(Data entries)
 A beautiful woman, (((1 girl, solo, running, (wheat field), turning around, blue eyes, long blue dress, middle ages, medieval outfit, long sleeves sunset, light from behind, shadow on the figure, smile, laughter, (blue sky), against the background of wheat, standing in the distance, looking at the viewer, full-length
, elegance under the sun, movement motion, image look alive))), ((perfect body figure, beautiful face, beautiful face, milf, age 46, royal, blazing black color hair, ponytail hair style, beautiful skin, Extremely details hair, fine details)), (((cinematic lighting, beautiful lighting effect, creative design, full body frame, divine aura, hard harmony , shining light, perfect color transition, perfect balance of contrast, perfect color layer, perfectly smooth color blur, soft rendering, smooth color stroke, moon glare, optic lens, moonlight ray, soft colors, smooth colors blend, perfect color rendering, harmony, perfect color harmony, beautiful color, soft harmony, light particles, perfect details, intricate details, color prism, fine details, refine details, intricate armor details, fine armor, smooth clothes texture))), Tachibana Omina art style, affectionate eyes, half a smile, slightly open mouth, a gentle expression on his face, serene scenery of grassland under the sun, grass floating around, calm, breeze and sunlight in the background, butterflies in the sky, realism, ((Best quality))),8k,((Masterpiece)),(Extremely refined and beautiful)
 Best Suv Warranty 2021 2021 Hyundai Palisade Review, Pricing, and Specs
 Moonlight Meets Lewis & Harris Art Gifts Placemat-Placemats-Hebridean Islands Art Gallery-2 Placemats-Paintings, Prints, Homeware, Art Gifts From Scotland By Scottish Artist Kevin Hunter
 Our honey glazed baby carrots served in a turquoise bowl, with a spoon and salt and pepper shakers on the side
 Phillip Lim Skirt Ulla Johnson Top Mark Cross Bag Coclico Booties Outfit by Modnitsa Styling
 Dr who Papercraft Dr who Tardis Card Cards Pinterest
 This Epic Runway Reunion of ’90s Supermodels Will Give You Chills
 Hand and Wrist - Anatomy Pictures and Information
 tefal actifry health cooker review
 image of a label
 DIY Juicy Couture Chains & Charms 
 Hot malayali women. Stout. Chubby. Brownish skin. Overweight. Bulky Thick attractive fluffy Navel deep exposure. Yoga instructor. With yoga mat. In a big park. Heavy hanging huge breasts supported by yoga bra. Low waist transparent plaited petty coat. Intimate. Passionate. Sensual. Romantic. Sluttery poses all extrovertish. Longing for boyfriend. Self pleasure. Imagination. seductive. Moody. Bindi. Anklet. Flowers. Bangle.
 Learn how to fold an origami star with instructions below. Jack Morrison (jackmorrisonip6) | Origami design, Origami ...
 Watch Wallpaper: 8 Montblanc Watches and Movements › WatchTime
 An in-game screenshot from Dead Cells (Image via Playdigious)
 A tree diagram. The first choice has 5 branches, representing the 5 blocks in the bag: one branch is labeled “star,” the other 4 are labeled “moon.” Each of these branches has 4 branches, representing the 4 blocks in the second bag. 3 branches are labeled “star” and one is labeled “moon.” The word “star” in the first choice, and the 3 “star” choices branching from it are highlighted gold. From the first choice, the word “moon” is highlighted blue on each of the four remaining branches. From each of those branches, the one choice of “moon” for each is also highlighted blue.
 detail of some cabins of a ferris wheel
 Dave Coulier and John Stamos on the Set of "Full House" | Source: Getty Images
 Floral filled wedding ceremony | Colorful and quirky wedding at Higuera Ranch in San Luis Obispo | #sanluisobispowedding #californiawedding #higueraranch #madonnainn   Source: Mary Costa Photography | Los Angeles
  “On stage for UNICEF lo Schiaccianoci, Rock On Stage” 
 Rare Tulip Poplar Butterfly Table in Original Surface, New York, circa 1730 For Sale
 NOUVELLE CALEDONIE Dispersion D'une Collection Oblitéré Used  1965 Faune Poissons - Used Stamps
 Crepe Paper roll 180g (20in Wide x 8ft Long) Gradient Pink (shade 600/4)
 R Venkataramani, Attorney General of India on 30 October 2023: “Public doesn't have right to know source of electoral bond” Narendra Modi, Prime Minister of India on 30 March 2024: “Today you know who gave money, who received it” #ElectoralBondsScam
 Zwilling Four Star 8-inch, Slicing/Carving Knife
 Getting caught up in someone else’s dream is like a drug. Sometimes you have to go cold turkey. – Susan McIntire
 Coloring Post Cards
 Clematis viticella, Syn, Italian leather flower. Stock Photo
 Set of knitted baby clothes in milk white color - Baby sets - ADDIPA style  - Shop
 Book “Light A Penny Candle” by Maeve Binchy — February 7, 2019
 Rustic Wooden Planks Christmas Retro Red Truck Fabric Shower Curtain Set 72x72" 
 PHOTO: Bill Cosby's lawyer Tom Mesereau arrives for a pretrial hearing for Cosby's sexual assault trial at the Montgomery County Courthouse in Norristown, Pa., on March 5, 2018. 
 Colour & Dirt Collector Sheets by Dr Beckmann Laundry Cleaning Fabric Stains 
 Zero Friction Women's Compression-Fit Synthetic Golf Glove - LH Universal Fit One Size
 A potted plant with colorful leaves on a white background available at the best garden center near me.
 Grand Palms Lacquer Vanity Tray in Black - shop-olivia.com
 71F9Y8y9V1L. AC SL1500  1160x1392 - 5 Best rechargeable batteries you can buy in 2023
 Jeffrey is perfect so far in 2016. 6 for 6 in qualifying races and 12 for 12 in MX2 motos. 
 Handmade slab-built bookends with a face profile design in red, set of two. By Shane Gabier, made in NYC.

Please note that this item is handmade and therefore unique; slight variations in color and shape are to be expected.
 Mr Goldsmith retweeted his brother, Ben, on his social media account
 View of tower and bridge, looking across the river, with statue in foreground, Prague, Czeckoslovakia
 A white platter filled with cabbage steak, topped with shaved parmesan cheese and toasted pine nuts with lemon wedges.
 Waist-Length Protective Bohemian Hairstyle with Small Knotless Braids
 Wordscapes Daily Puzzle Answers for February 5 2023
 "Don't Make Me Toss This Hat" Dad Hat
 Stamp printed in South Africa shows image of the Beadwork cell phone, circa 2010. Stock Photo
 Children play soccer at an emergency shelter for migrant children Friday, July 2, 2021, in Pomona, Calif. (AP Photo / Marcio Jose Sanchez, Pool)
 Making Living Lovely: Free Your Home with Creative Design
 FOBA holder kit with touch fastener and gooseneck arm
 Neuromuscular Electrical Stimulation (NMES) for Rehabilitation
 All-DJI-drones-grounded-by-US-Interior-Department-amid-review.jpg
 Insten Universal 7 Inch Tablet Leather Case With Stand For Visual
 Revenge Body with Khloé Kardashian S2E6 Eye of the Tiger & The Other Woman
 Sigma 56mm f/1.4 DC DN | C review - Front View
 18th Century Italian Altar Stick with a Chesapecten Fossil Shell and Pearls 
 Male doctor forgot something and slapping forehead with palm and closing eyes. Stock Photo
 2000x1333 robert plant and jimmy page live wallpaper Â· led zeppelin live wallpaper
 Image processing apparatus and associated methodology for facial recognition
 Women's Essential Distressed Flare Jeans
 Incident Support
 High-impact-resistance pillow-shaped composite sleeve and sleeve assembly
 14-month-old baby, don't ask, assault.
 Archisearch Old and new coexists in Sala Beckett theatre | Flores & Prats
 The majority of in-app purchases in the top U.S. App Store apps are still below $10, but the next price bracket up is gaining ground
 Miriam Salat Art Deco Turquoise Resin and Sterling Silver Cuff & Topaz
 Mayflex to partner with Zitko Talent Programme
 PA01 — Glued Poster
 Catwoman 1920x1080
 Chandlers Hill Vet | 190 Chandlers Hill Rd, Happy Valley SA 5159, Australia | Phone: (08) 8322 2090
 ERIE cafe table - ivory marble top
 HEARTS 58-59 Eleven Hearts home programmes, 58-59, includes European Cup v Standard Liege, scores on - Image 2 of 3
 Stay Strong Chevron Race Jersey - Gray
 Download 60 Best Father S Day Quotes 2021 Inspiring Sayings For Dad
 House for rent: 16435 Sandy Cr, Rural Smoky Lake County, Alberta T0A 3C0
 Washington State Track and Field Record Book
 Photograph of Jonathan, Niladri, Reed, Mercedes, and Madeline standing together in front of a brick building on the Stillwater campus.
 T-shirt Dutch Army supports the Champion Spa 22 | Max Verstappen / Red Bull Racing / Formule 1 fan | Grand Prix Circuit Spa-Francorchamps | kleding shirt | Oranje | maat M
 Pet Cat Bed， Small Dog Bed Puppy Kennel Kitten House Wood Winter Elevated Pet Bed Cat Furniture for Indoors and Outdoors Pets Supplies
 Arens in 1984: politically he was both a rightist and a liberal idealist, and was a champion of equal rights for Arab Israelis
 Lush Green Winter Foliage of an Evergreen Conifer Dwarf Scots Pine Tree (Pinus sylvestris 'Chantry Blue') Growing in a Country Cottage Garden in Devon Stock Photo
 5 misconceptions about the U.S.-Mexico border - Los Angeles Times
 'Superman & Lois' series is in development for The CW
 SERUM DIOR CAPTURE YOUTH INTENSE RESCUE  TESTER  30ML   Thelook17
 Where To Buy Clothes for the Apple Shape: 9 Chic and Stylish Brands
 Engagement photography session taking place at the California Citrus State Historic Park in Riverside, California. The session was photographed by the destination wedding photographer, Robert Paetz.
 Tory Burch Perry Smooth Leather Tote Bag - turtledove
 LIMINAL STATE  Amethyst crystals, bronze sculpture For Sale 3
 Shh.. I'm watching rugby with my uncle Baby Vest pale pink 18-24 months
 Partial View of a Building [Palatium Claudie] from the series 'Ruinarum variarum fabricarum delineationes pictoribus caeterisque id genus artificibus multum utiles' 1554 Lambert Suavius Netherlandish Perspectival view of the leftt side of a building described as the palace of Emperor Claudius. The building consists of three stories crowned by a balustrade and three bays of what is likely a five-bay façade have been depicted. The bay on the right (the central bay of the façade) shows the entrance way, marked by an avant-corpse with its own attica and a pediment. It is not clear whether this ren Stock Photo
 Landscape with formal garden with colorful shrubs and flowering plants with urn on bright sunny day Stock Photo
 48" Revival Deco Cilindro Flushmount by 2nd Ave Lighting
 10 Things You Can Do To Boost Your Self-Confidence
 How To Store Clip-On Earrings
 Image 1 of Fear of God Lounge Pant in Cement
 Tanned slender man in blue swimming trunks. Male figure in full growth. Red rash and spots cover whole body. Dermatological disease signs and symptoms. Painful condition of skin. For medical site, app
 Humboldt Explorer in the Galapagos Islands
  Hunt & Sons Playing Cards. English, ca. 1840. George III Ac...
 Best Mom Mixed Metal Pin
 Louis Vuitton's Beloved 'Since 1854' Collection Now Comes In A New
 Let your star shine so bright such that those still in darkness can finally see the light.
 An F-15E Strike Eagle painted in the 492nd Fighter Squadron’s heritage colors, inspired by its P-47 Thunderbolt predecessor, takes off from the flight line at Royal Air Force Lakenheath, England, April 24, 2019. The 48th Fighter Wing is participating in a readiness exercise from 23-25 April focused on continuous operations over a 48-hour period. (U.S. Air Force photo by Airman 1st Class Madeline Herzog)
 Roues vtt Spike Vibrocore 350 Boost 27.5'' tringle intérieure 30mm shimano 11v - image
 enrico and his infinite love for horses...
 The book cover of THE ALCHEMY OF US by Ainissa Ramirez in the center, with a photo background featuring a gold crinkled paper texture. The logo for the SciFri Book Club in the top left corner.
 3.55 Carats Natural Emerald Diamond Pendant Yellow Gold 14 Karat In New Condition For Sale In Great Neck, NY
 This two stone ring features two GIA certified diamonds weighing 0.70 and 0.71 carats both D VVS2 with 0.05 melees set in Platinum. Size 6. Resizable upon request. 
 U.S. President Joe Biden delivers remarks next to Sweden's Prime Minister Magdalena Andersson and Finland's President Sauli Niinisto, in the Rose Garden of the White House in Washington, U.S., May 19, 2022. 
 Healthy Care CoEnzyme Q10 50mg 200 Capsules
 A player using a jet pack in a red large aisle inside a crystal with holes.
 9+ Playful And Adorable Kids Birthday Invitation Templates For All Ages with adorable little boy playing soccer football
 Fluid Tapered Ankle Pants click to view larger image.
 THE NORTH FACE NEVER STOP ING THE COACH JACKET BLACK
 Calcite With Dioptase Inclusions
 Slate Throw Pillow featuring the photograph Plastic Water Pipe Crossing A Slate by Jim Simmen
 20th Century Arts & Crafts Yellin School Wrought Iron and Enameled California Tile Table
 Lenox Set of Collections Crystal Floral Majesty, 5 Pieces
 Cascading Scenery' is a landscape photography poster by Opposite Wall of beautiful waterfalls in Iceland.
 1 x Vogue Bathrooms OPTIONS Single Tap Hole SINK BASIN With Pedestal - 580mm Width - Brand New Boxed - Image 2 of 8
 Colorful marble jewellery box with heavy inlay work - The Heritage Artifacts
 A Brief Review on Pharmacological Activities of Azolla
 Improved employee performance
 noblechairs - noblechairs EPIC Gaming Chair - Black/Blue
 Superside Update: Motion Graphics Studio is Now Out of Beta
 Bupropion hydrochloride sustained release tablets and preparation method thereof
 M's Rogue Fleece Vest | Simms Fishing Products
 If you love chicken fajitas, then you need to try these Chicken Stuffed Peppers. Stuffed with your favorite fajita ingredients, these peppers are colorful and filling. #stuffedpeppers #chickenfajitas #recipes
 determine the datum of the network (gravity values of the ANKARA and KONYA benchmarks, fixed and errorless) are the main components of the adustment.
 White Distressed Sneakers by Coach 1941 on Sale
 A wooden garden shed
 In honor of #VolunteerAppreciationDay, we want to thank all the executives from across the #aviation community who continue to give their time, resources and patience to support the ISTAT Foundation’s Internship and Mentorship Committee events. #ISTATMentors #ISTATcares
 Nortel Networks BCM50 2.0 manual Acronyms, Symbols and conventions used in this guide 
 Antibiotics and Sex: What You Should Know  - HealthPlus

* _Problem description_
All that belongs in the answer is the run of lines above from the line containing "Mayflex to partner" through the line containing "Arens in 1984: politically", exactly as written.

* _Task solution_
 Mayflex to partner with Zitko Talent Programme
 PA01 — Glued Poster
 Catwoman 1920x1080
 Chandlers Hill Vet | 190 Chandlers Hill Rd, Happy Valley SA 5159, Australia | Phone: (08) 8322 2090
 ERIE cafe table - ivory marble top
 HEARTS 58-59 Eleven Hearts home programmes, 58-59, includes European Cup v Standard Liege, scores on - Image 2 of 3
 Stay Strong Chevron Race Jersey - Gray
 Download 60 Best Father S Day Quotes 2021 Inspiring Sayings For Dad
 House for rent: 16435 Sandy Cr, Rural Smoky Lake County, Alberta T0A 3C0
 Washington State Track and Field Record Book
 Photograph of Jonathan, Niladri, Reed, Mercedes, and Madeline standing together in front of a brick building on the Stillwater campus.
 T-shirt Dutch Army supports the Champion Spa 22 | Max Verstappen / Red Bull Racing / Formule 1 fan | Grand Prix Circuit Spa-Francorchamps | kleding shirt | Oranje | maat M
 Pet Cat Bed， Small Dog Bed Puppy Kennel Kitten House Wood Winter Elevated Pet Bed Cat Furniture for Indoors and Outdoors Pets Supplies
 Arens in 1984: politically he was both a rightist and a liberal idealist, and was a champion of equal rights for Arab Israelis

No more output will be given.